A Technical Comparison of Streaming Systems

Introduction: The wave of big data has been booming for more than a decade, yet the field of stream processing seems to have been lukewarm. Until the last two years, from Confluent (the company behind Kafka) going public, to Snowflake and Databricks investing in Streaming, to the emergence of start-up companies like Decodable and Immerok. This year 2023, the SIGMOD Systems Award was surprisingly given to Apache Flink, which is somewhat exciting - has the good era of stream computing finally arrived?

Today let’s discuss stream computing (Streaming) technology from a technical point of view.

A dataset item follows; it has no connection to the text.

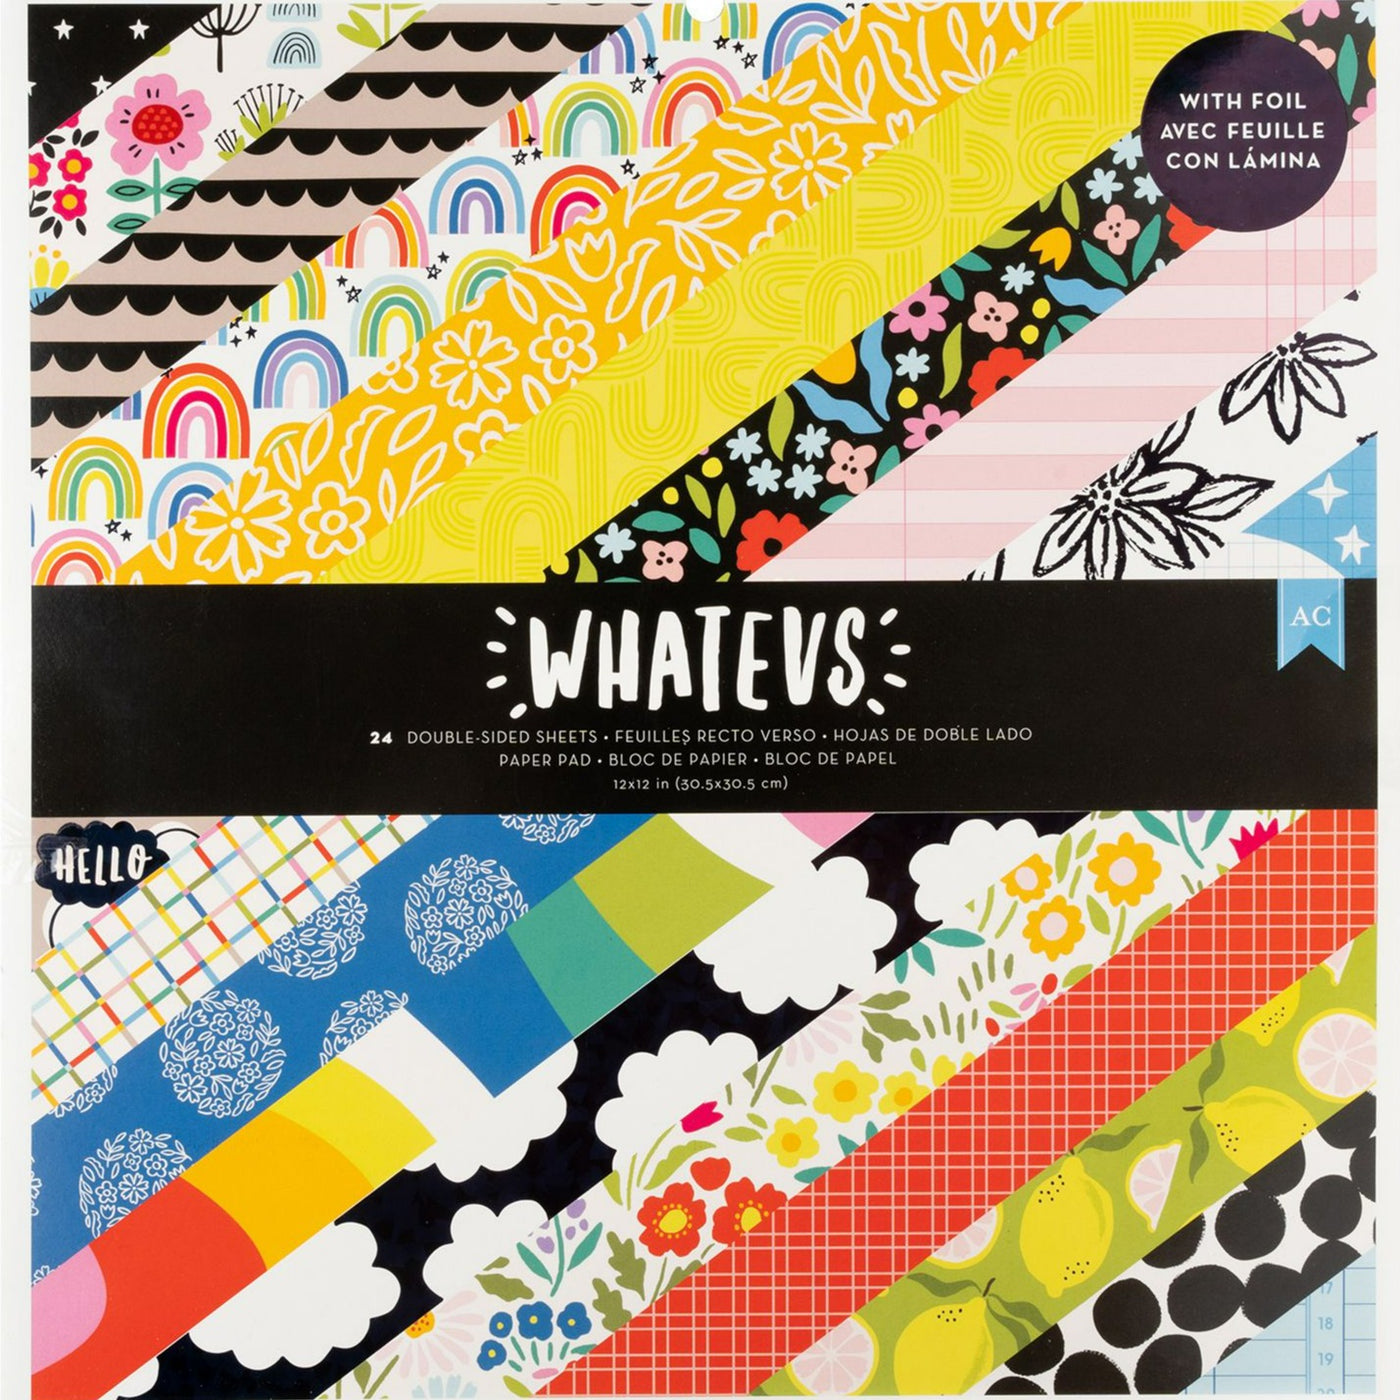 Increase your paper crafting potential with Whatevs 12x12 Paper Pad. With 24 sheets of various floral, plaid, and scallop designs, get inspired to create stunning crafts and cards. Versatile and high-quality, elevate your projects with ease.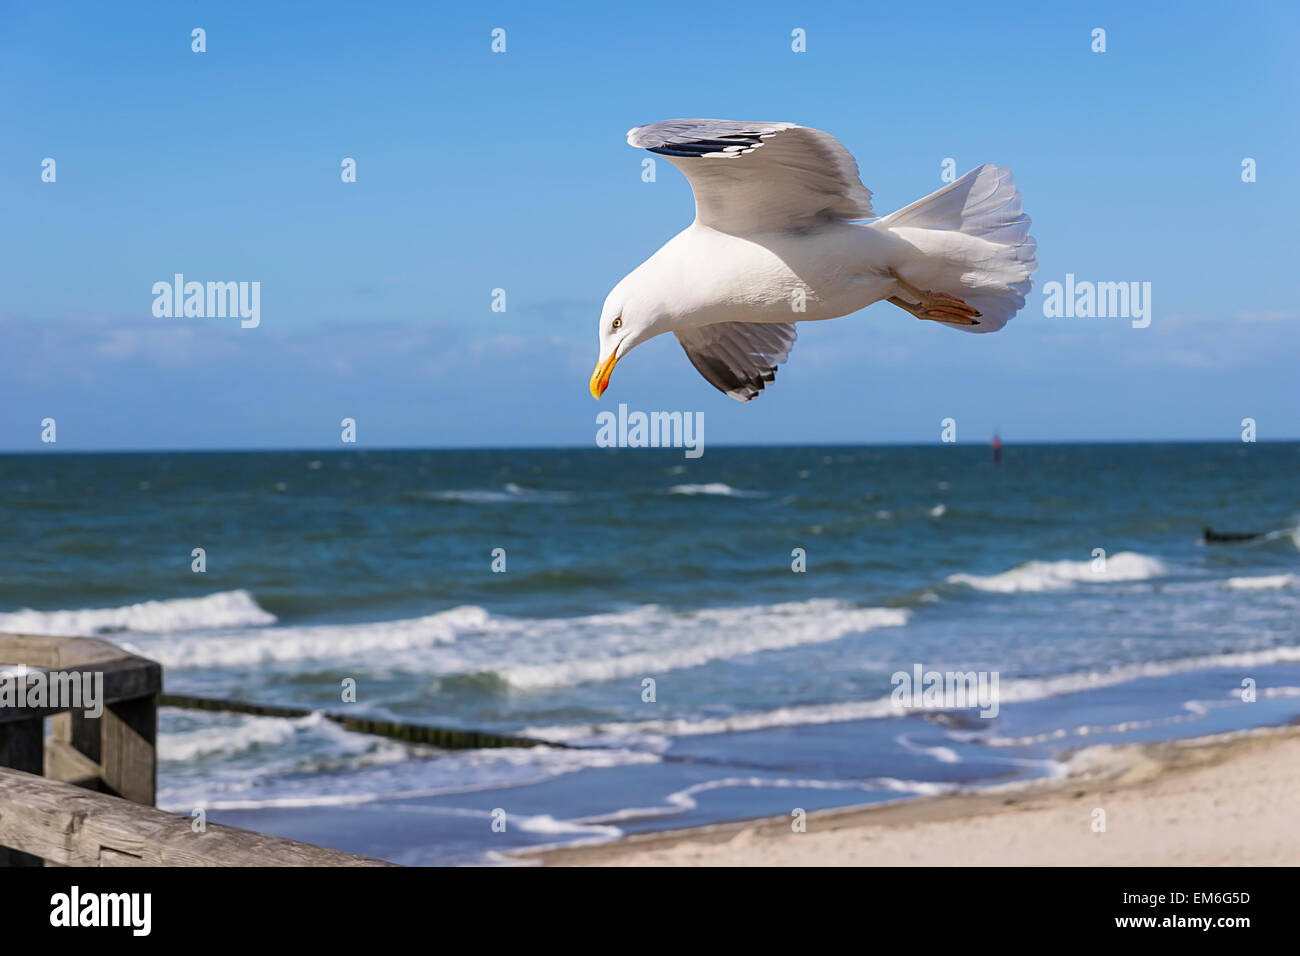 Flying seagull on the beach of the Baltic Sea in Germany Stock Photo

Although there are many common concepts, such as time windows, watermarks, etc., in reality, each system has almost unique designs at the implementation level. The so-called “existence is reasonable”, this diversity of system design also responds to the diversity of streaming computing application scenarios, rather than simply who is better or worse on one single dimension.

This article goes deep into comparing common stream computing systems in the market, including Apache Flink, RisingWave, Spark Streaming, ksqlDB, etc. I hope that this article can help you in technology selection.

Flink proposed the concept of “stream-batch integration” at the beginning, that is, to use the same Runtime to solve stream computing and batch processing. Specifically, it treats batch processing as a special case of stream processing, the difference between them is nothing more than bounded and unbounded data streams. Now it seems that although the idea of stream-batch integration has not yet deeply rooted in people’s hearts, Flink has indeed become the most popular open-source stream computing framework with its excellent design.

Like many big data frameworks, Flink computation runs on top of JVM. Flink’s programming interface is called DataStream API, and correspondingly, there is a DataStream API batch processing interface called DataSet API. On top of these two programming interfaces, they also provide a Table API and Flink SQL that are convenient for handling relational data. The above interfaces share the implementation of underlying Runtime, scheduling, data transmission layer, etc.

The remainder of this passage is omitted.